Keep us posted. I'm currently redoing my green now. Ill be interested to see how the Arden green turns out!


----------



## LawnRat (Mar 22, 2019)

Will do @Bamadmbfan!

I waited for a dry period to seed, but this is Florida so I staked down one side of a 25' X 25' tarp just in case I had to roll it out quickly. And tonight a huge storm came through so I rolled it out. I planned on "tenting" it to keep the airflow going but the wind was too high and I just had to gett'er done. It's been on 1 hour now and as soon as this passes I'll pull it off immediately. I'm expecting some germination very soon (tonight) so this was the worst possible timing. I didn't want to do it but it beats the alternative, I think. We got about 3" of rain so far in 1 hour.


----------



## LawnRat (Mar 22, 2019)

The tarp was filling up fast and I was afraid of the water rushing back under it, so I put a sump pump in the lowest part, my soon-to-be sand trap. It's filling as fast as it's pumping, but it'll work.

It's watering the stubborn crabgrass I sprayed with gly last week...


----------



## LawnRat (Mar 22, 2019)

4 hours later I finally just pulled the tarp. Still raining but the heavy stuff is hopefully gone. lost the pump for 30 minutes when we lost power. Looks ok with my headlamp, will have to see tomorrow in the daylight.

Note to self: If I ever decide to seed my whole lawn...DON'T do it in the rainy season!


----------



## LawnRat (Mar 22, 2019)

Day 4: The day started out great. I woke up to find about 10% of the seeds germinated. There was no damage from the tarping last night. Every hour it seemed like the amount of grass popping up doubled. By noon I'd say at least 75% germinated.

Then a band of rain popped up on the radar headed my way. It was a thin band and moving fast, so I figured we'd get some rain for 5 minutes.

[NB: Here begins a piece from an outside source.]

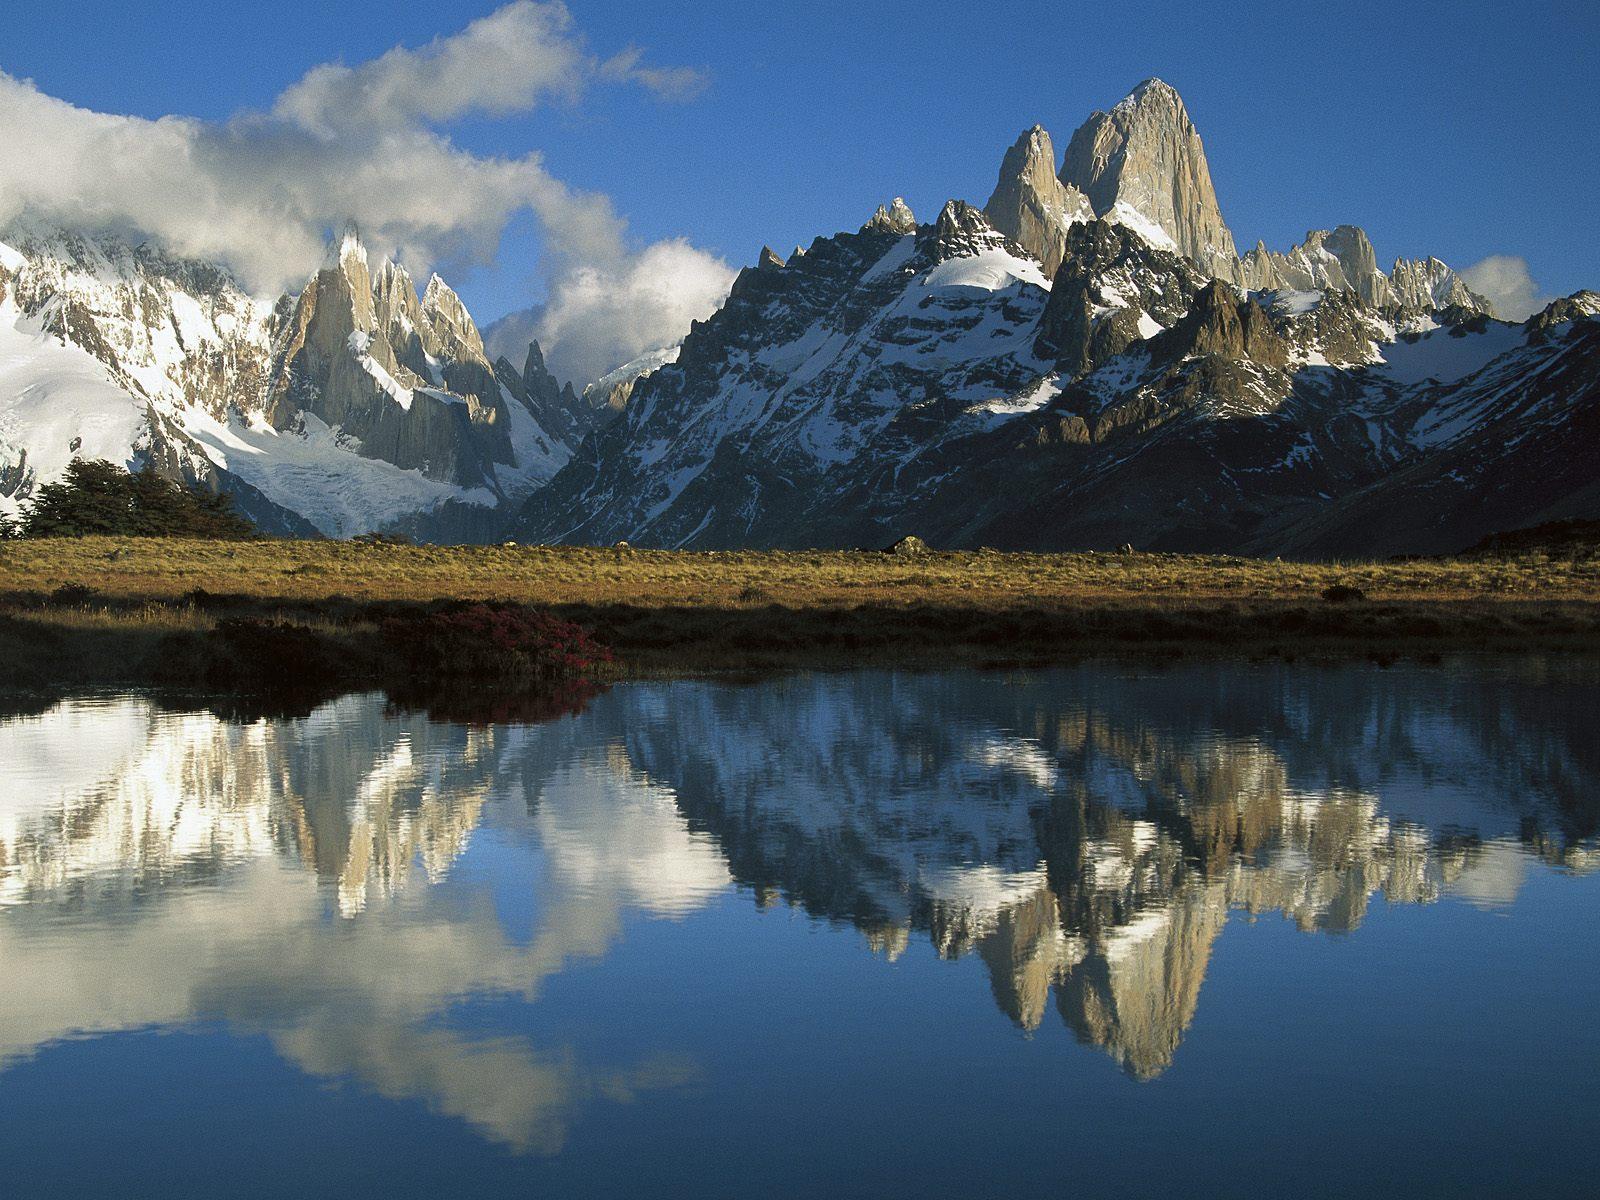 ロス・ グラシアレス国立公園(アルゼンチン) 壁紙 - Los Glaciares National Park, Patagonia, Argentina WALLPAPER

I didn't want to crush or smother the new grass so i decided not to tarp it. Bad idea. As the storms crossed the harbor they grew 5X the size, and it poured for almost an hour, dumping inches of rain. The sand and peat moss washed all over the place, and filled up my sand trap. Surprisingly, half the grass survived, but I'm disgusted at the unevenness of the surface now. Worst part is another bigger storm is about to hit. Going to try and tent it.


----------



## LawnRat (Mar 22, 2019)

Earlier tonite:



Tarp is off for the night. I was just out with the flashlight (it's actually easier to see the tiny grass blades at night with a light at the right angle) and it seems salvageable.

It's supposed to storm the next few days...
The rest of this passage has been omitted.